Records
= = = =
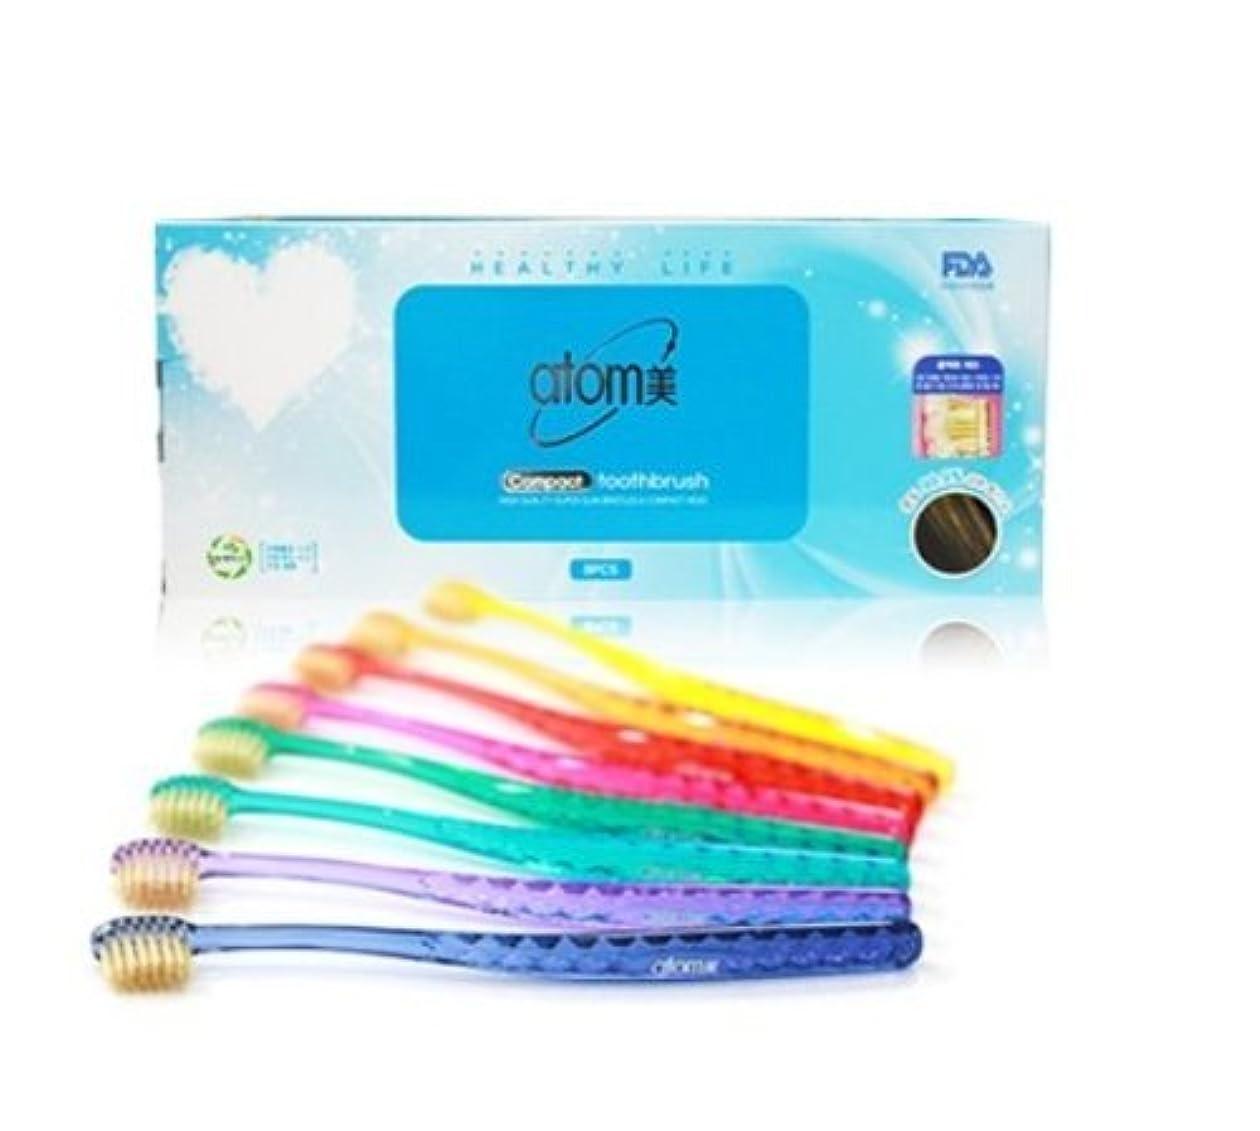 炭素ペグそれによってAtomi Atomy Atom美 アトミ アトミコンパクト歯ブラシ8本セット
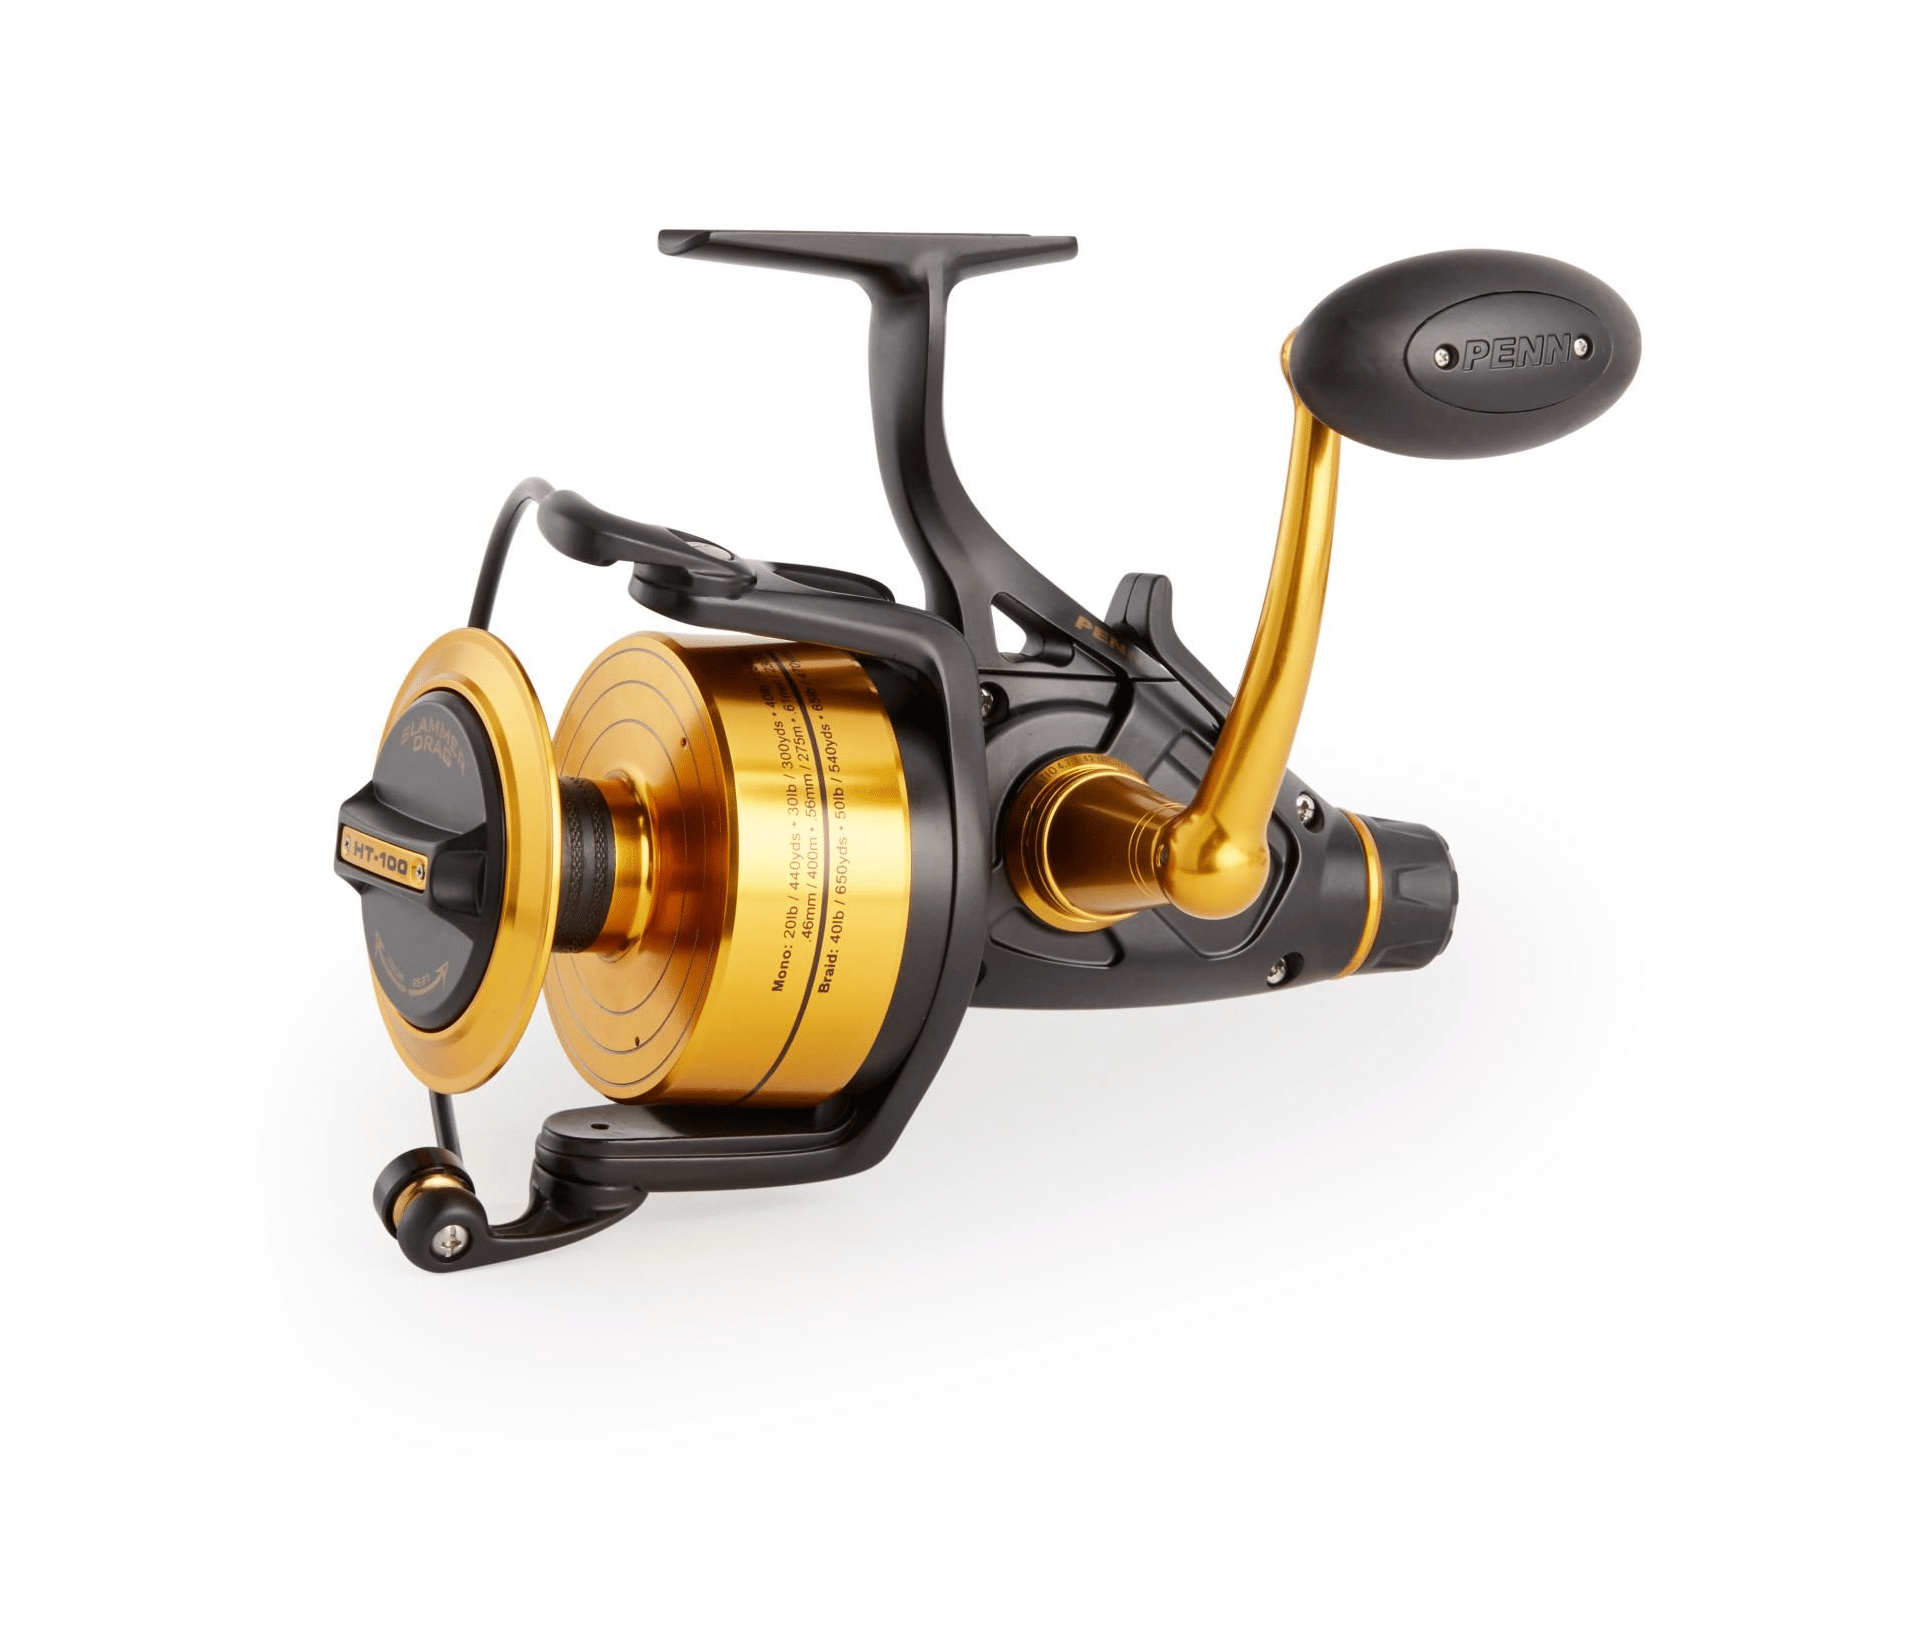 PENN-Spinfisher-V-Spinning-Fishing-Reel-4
= = = =
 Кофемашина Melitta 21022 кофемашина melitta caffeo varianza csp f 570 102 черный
= = = =
What to work on
With the pictures omitted, copy exactly the lines of the listing above starting at the line containing "炭素ペグそれによってAtomi Atomy Atom美" and ending at the line containing "PENN-Spinfisher-V-Spinning-Fishing-Reel-4", both included.

Response to this exercise
 炭素ペグそれによってAtomi Atomy Atom美 アトミ アトミコンパクト歯ブラシ8本セット
 PENN-Spinfisher-V-Spinning-Fishing-Reel-4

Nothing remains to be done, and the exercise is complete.